TITiPI is interested in artistic and activist research practice, and would like to extend its network beyond those we are already collaborating with. It could help if you speak and write another language apart from English (for example Spanish, French, German or Arabic). For this job, academic research training is not required. We value disobedient methods, imprecision and forms that mix with storying, body practices, poetry, song, and anticolonial chronologies. In short, we are open to nonconventional paths and proposals.

The Institute for Technology in the Public Interest (TITiPI)

TITiPI is a trans-practice collaboration between activists, artists, engineers and theorists initiated by Miriyam Aouragh, Seda Gürses, Helen Pritchard and Femke Snelting. Together with associate member Jara Rocha we convene communities to articulate, activate and re-imagine together what computational technologies in the “public interest” might be when “public interest” is always in-the-making. We develop tools from feminisms, queer theory, computation, intersectionality, anti-racism, anti-coloniality, disability studies, historical materialism and artistic practice to generate currently inexistent vocabularies, imaginaries and methodologies.
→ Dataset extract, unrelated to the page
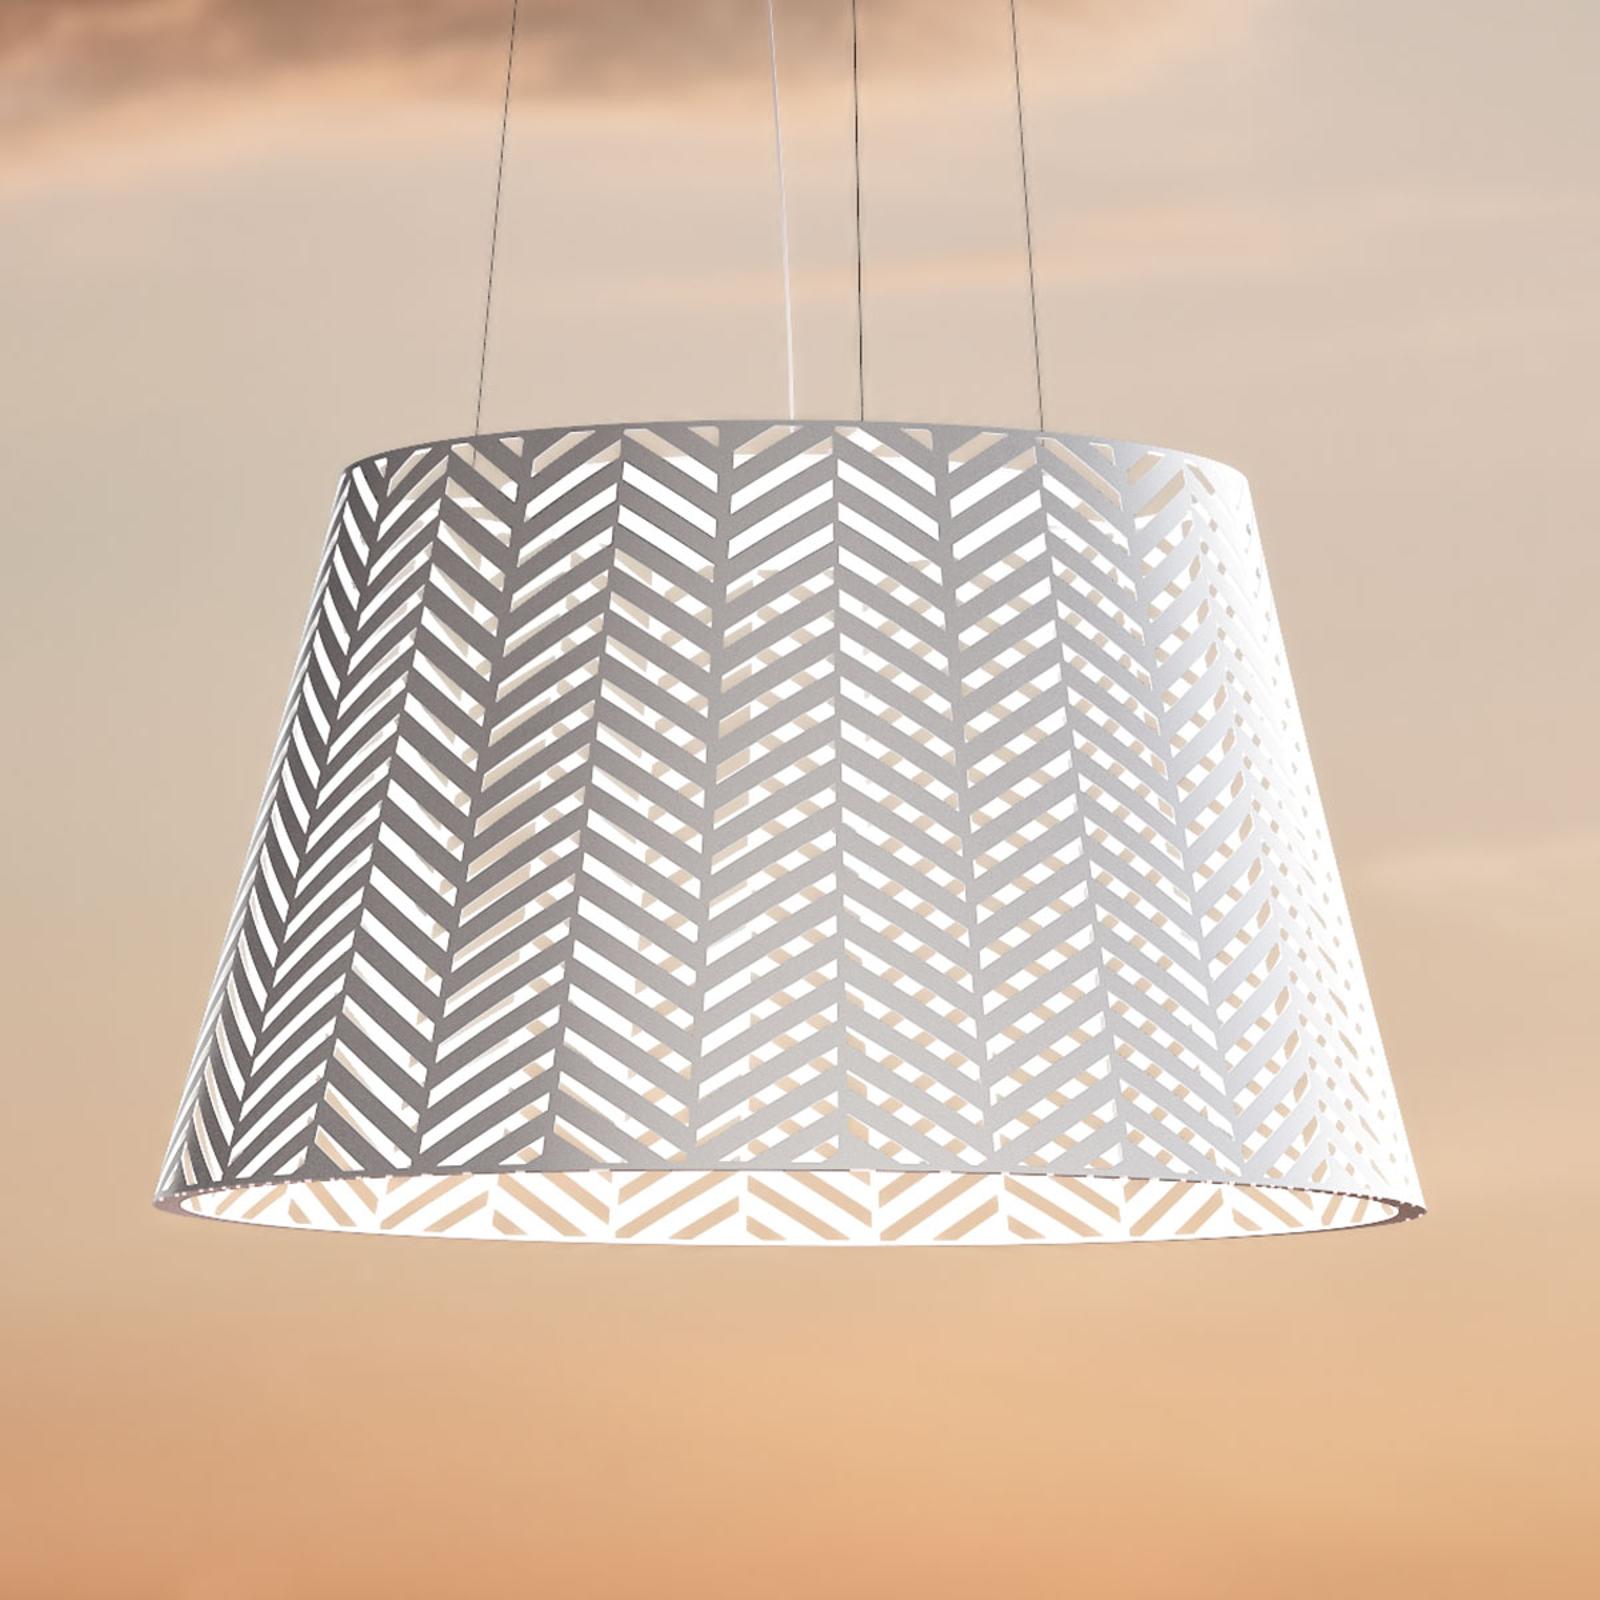 LED-pendellampa Spike inomhus-/utomhusbruk

Our activities include: workshops, lectures, bugreporting, consultancy, reading groups, policy analysis, public events, performances, exhibitions, audits, theory making, training, and publishing.

Conditions

Work should take place between 1 September 2024 and 31 June 2025.
The work amounts to an average of ca. 2.5 days a week over an eight-month period.
A fee of 19.000 euros, excl. VAT is available for this job, to be invoiced to TITiPI.
Each community research commission has their own modest production budget.
In case you prefer to work from elsewhere, your travel costs for monthly meetings will be reimbursed (up to 3hrs by train from/to Brussels, Belgium).
Some of the community research commissions happen within the context of the CHANSE funded project SoLiXG.

Process

Send a short motivation letter (max 2 pages) with a few links to projects, publications or actions that you have been involved in by June 13, 2024 to titipi at titipi.org
If you have any questions, please contact us by e-mail or join us on-line: https://meet.greenhost.net/crc

We will let you know about our decision by 28 June latest.